Des jeunes chercheurs décidément maltraités

Récemment, j’ai eu l’occasion de faire un reportage auprès d’une équipe de recherche travaillant sur une maladie grave et expérimentant une thérapie génique. (Je n’en dis pas plus : même dans le conseil en communication, je considère que le secret des sources est de mise !) La recherche est décidément extrêmement maltraitée dans notre pays : permettez-moi de rajouter ma voix au concert de tous ceux qui le disent – et ne sont pas écoutés.

De quoi parle-t-on en effet ? De chercheurs, médecins ou biologistes, bac + … , passionnés, passionnants et incroyablement malmenés.

Travaillant à cinq dans un bureau de 12m2.

Payés, après leur thèse et durant plusieurs années, par chèque ! Plus précisément, sans fiche de paye.
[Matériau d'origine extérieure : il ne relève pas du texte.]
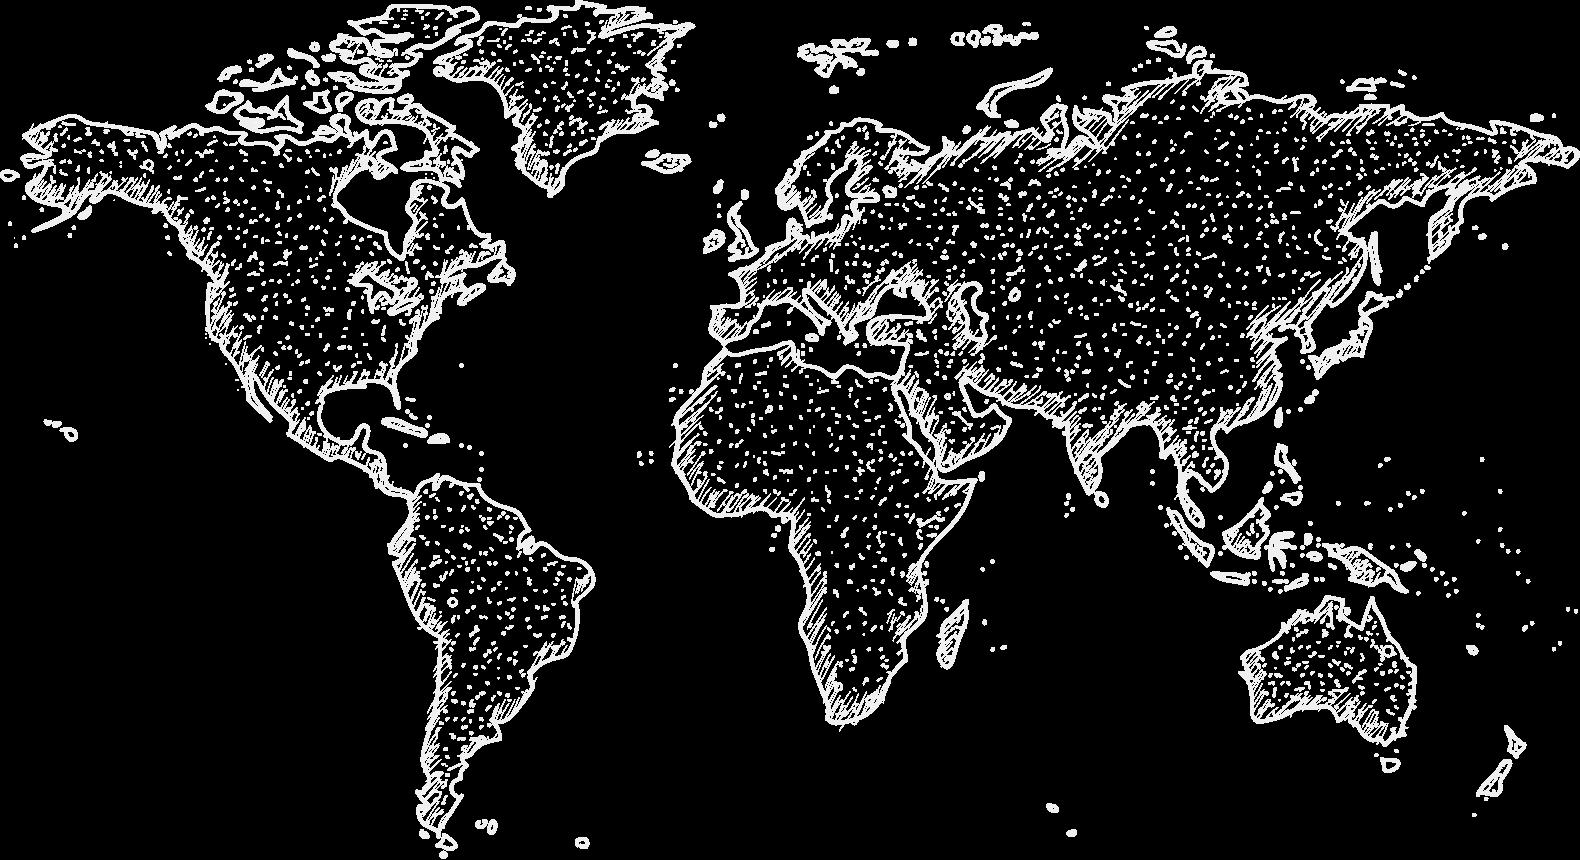 ipify - A Simple Public IP Address API

Donc, sans couverture sociale.

Contraints, d’année en année, de chercher les généreux donateurs privés (heureusement il y en a) qui vont accepter de payer quelques mois – une année ou deux dans le meilleur des cas – de leurs études de recherche. Avec des dossiers à remplir, la crainte de ne pas être retenus et au bout de six mois, la nécessité de recommencer pour l’année suivante.

Mieux que cela (je devrais dire “pire”) : obligés de trouver les organismes (INSERM, CNRS, universités, CHR…) qui vont recevoir ces bourses privées.
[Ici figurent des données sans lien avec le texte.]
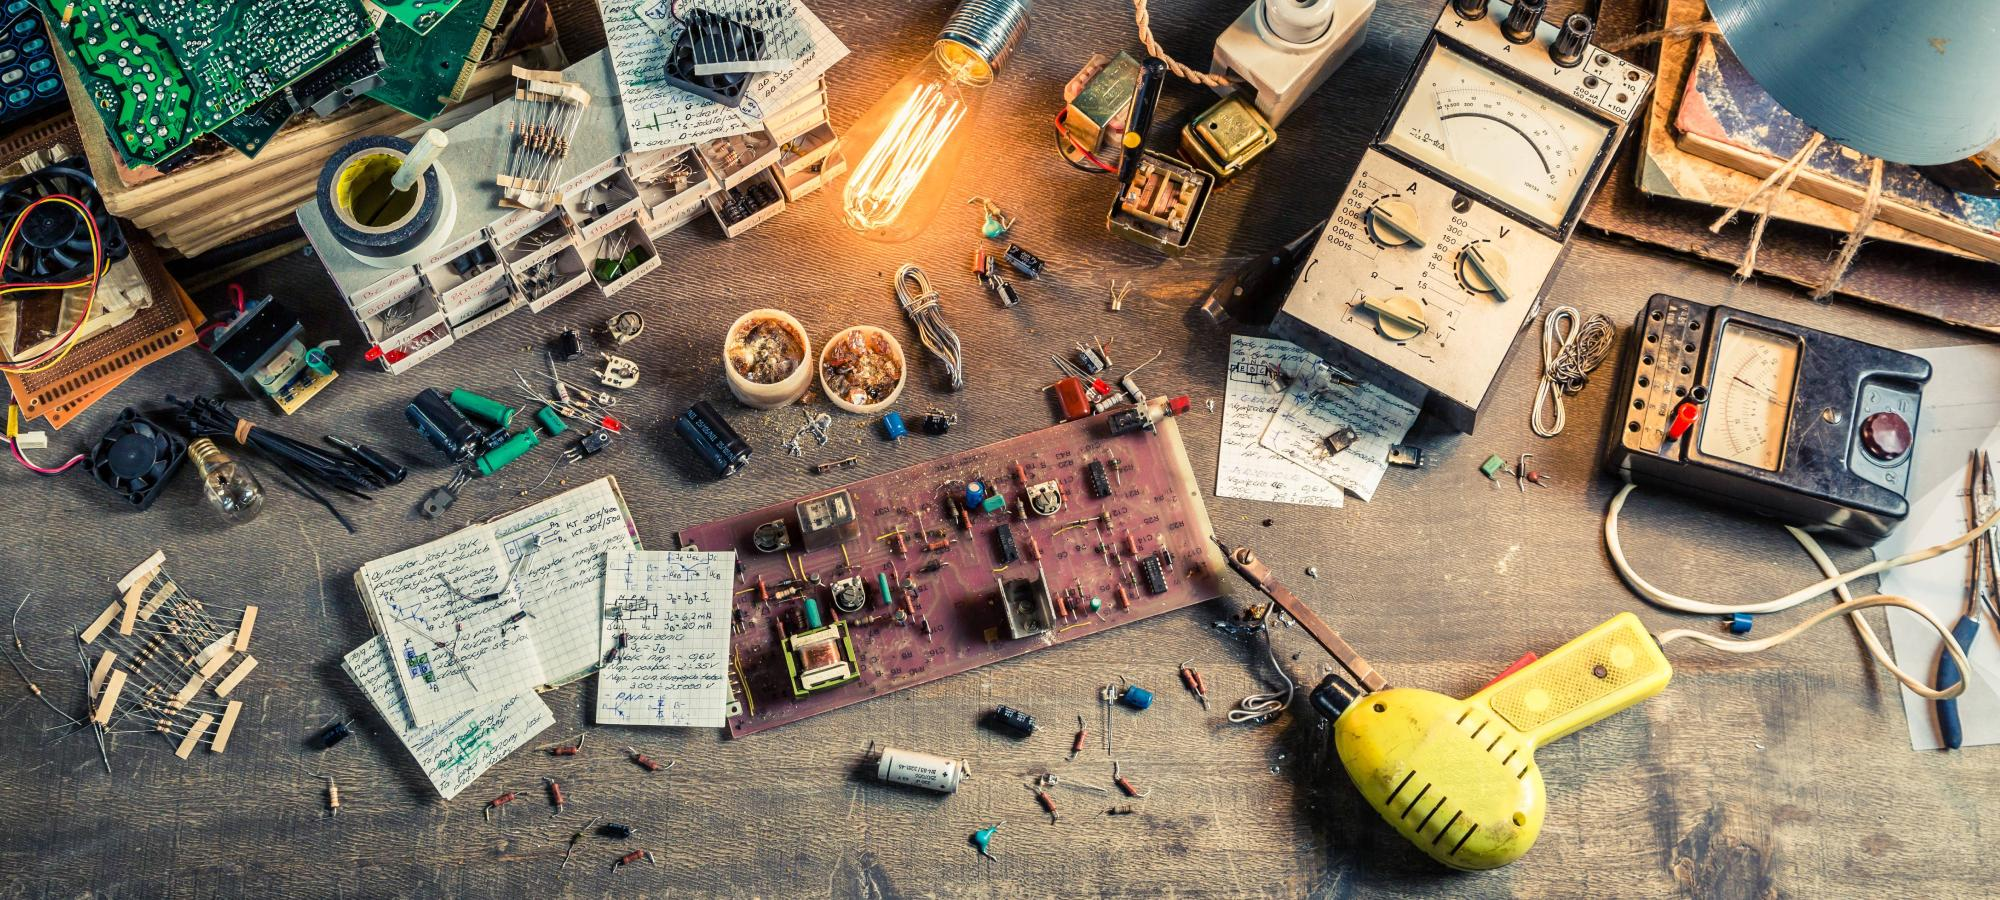 Maker - IoT - Creativi digitali

Enfin, sommés d’en changer tous les deux ans environ, de peur que ceux-ci ne soient obligés de les engager en CDI. Autrement dit : forcés à organiser eux-mêmes la précarité dans laquelle on les enferme.

Tous ceux qui disent vouloir bâtir le redressement de l’économie de la France sur la recherche – entre autres leviers – seraient bien inspirés de mettre au point des remèdes pour résoudre ces situations. Des centaines de jeunes chercheurs vivent – mal – ces situations de façon quotidienne. C’est absolument indigne d’un pays comme le nôtre.